• **Brief**:
All lines in the records below that hold "Lyst" are to be shown.

• **Stored data**:
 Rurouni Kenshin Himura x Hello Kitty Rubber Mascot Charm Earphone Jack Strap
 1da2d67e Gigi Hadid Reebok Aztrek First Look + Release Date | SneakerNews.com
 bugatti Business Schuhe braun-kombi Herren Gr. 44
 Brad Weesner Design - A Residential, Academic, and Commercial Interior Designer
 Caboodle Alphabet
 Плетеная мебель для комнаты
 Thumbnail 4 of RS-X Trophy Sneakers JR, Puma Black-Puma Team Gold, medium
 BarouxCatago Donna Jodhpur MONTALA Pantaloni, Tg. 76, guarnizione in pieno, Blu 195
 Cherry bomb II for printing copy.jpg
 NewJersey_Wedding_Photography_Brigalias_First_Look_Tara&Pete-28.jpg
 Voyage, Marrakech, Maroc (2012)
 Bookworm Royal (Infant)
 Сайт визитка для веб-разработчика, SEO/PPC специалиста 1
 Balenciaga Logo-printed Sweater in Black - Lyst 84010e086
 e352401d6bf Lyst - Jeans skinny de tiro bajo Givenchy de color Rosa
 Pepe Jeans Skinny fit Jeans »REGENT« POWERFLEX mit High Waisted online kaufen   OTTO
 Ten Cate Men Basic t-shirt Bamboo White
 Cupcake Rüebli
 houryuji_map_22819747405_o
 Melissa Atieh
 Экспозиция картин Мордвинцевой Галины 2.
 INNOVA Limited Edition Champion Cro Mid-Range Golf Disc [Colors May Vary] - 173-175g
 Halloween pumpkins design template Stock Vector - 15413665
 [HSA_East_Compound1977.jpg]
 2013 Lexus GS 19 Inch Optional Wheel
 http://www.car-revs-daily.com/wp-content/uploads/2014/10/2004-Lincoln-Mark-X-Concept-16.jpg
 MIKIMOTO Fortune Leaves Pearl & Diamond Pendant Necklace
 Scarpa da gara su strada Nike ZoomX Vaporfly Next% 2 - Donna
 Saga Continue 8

• **Task answer**:
 Balenciaga Logo-printed Sweater in Black - Lyst 84010e086
 e352401d6bf Lyst - Jeans skinny de tiro bajo Givenchy de color Rosa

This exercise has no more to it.